In the process of implementing the method for producing the lining insulating film, attention is paid to the fact that the scratch-resistant film 2, the first adhesive tape 3 and the second adhesive tape 4 are sequentially attached to the back surface (non-hot melt adhesive layer surface) of the insulating film 1 along with the wire in the process of winding and unwinding in a workshop preparation stage, the process is focused on strictly controlling the extension length of the first adhesive tape 3 and the second adhesive tape 4 (facilitating the adhesion of the two to the insulating film 1 in the follow-up process), then the first cut-and-tear-prone region 1111 and the second cut-and-tear-prone region 1121 are cut and molded on the insulating film 1 by means of a die cutter in the process of uniformly feeding the insulating film 1 under the action of traction force, the process is focused on strictly controlling the die cutting depth to ensure that the insulating film 1 is completely penetrated (that is, the electric insulating base film 11 and the hot melt adhesive layer 12 are required to be penetrated together), and the first tape 3 and the second tape 4 are not damaged by the die cutting knife and are subject to the standard, then, the electric insulation base film 11 is folded to form the first crease and the second crease, the process is focused on ensuring that the extension exceeding section of the first tape 3 and the second tape 4 is adhered to the insulation film 1 (namely the hot melt adhesive layer 12) so as to prevent the follow-up heat from being focused on the first crease and the second crease accurately, then, the two opposite lasers are used for inputting heat to the first crease and the second crease respectively, the process is focused on that the limit temperature of the first crease and the second crease which are heated does not exceed the glass transition temperature of the hot melt adhesive layer 12, the first crease and the second crease are favorable for bending and shaping due to cold, the hot melt adhesive layer 12 is not modified due to the temperature overrun, finally, the scratch-proof film 2, the first adhesive tape 3 and the second adhesive tape 4 are sequentially torn off from the insulating film 1, and the process is focused on that the tearing speed needs to be strictly controlled so as to avoid the phenomenon that the local area of the insulating film 1 is scratched due to overlarge instantaneous stress.
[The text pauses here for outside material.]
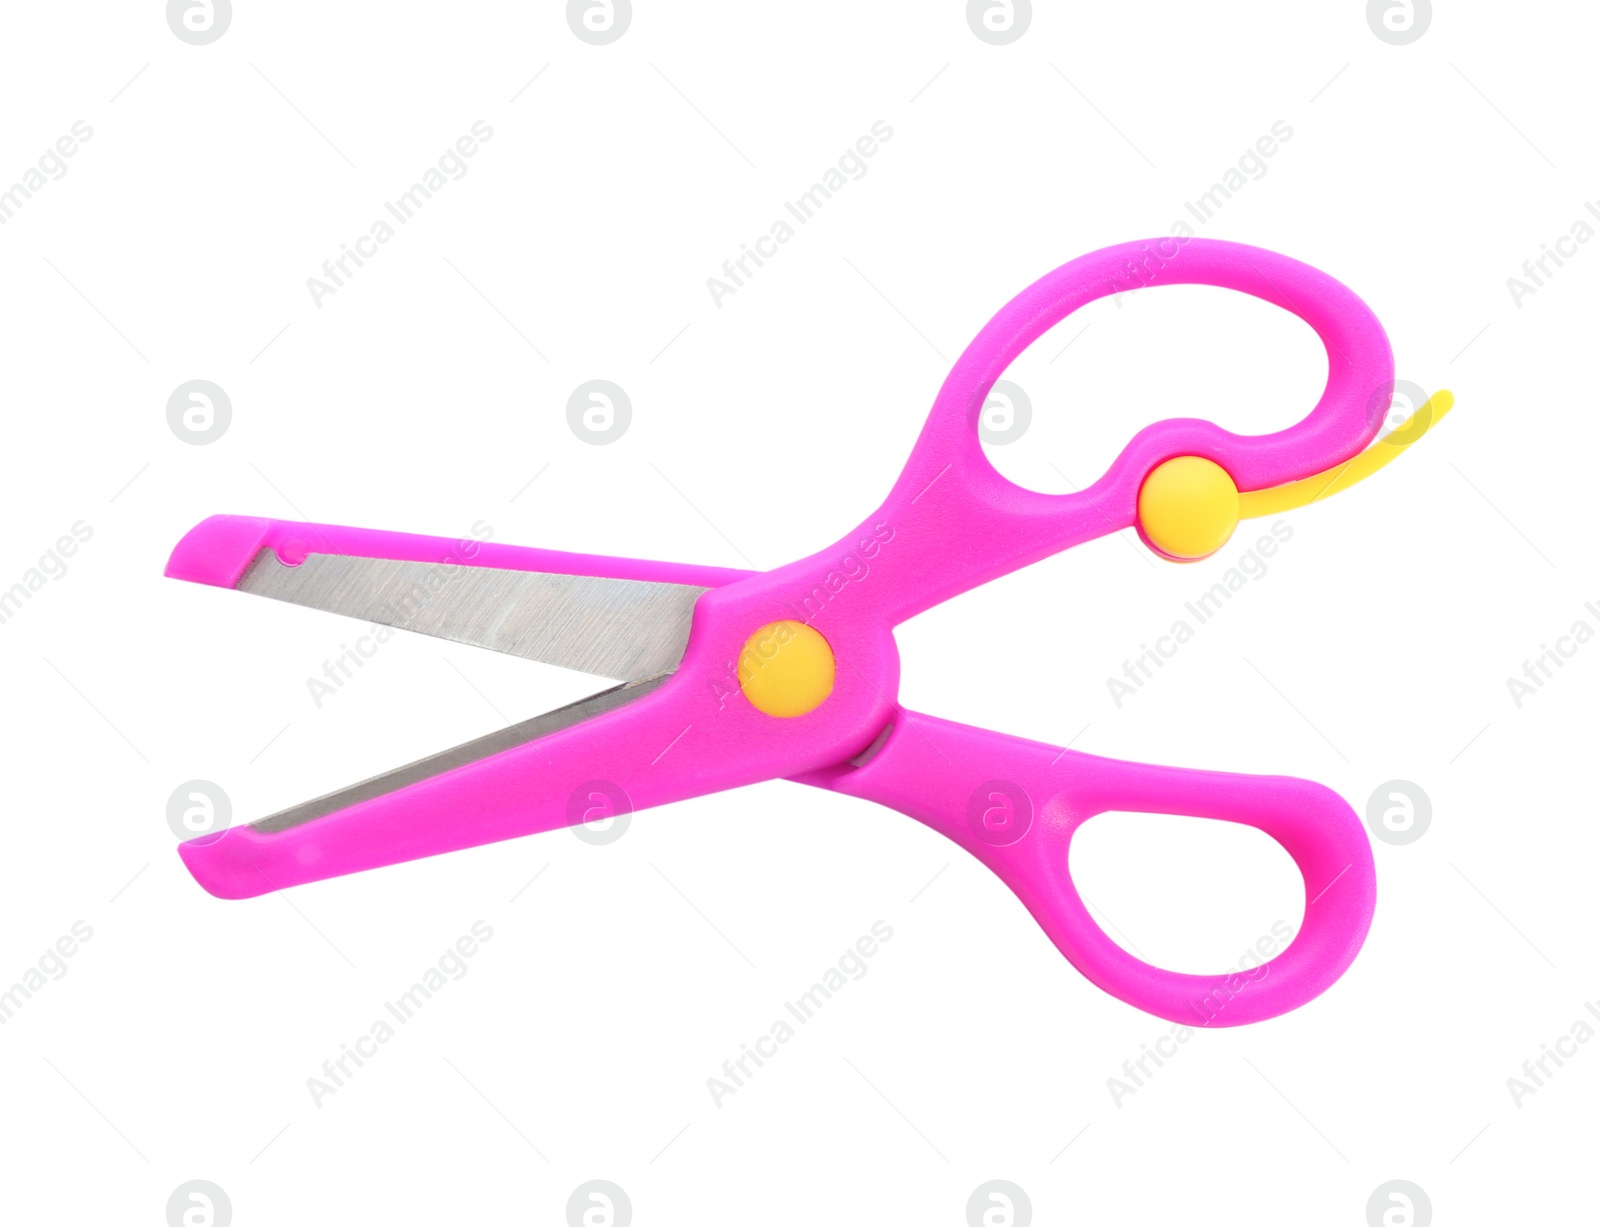 Photo of Pair of training scissors on white background

In the production and manufacturing stage, at least the following beneficial technical effects can be obtained by applying the preparation method of the lining insulating film, and the method specifically comprises the following steps:
1) Because each first cutting mark easy-to-tear area 1111 and each second cutting mark easy-to-tear area 1121 are respectively covered by the first adhesive tape 3 and the second adhesive tape 4 partially or completely, during the process of forming the first crease and the second crease, the free edges formed by the first cutting mark easy-to-tear area 1111 and the second cutting mark easy-to-tear area 1121 are opened, the warping phenomenon can not occur due to the unbalanced bending force, the occurrence of the phenomenon of overlapping rolling of the insulating film can be effectively avoided, the efficient and high-quality implementation of the flanging process can be ensured, and the finished product of the lining insulating film has extremely high forming quality;
2) When the insulating film 1 is cut in equal length sections, an operator can ensure that the first process notch 13 and the second process notch 14 are formed conveniently and efficiently only by tearing off the first adhesive tape 3 and the second adhesive tape 4, more importantly, the first cut easily-torn area 1111 and the second cut easily-torn area 1121 completely penetrate the insulating film 1, and in the process of tearing the first adhesive tape 3 and the second adhesive tape 4, the first cut easily-torn area 1111 and the second cut easily-torn area 1121 can be smoothly separated from the insulating film 1 body, so that the problem that the preformed areas of the first process notch 13 and the second process notch 14 on the liner insulating film 11 are damaged due to the action of improper tearing force is solved from the source;
3) After the first crease and the second crease are formed, the first adhesive tape 3 and the second adhesive tape 4 are stably adhered to the insulating film 1, namely, the bending postures of the first crease and the second crease are stably maintained, and a good bedding is provided for accurately inputting heat to the first crease and the second crease subsequently;
4) The first crease and the second crease are rapidly heated (limited by the glass transition temperature of the hot melt adhesive layer) due to the action of input heat, the hot melt adhesive layer 12 in the area adjacent to the first crease and the second crease can be converted into a semi-molten state, the first crease and the second crease can be kept in a shaping bending state for a long time due to the fact that the first crease and the second crease are cooled, and the phenomenon that the bending angles of the first crease and the second crease are not up to standard due to the action of restoring force is effectively avoided;
according to the conventional practice in the industry, the dragging of the insulating film 1 is mainly performed by means of the cooperation of the guide roller, the tension roller, the traction roller and the like, and the first adhesive tape 3, the scratch-resistant film 2 and the second adhesive tape 4 are adhered side by side, so that the phenomenon that the back surface of the insulating film 1 is worn due to the fact that the insulating film is subjected to friction force for many times can be effectively avoided, the fact that the finished product of the lining insulating film has extremely high surface quality is ensured, and the resistivity value of the lining insulating film meets the customer acceptance standard.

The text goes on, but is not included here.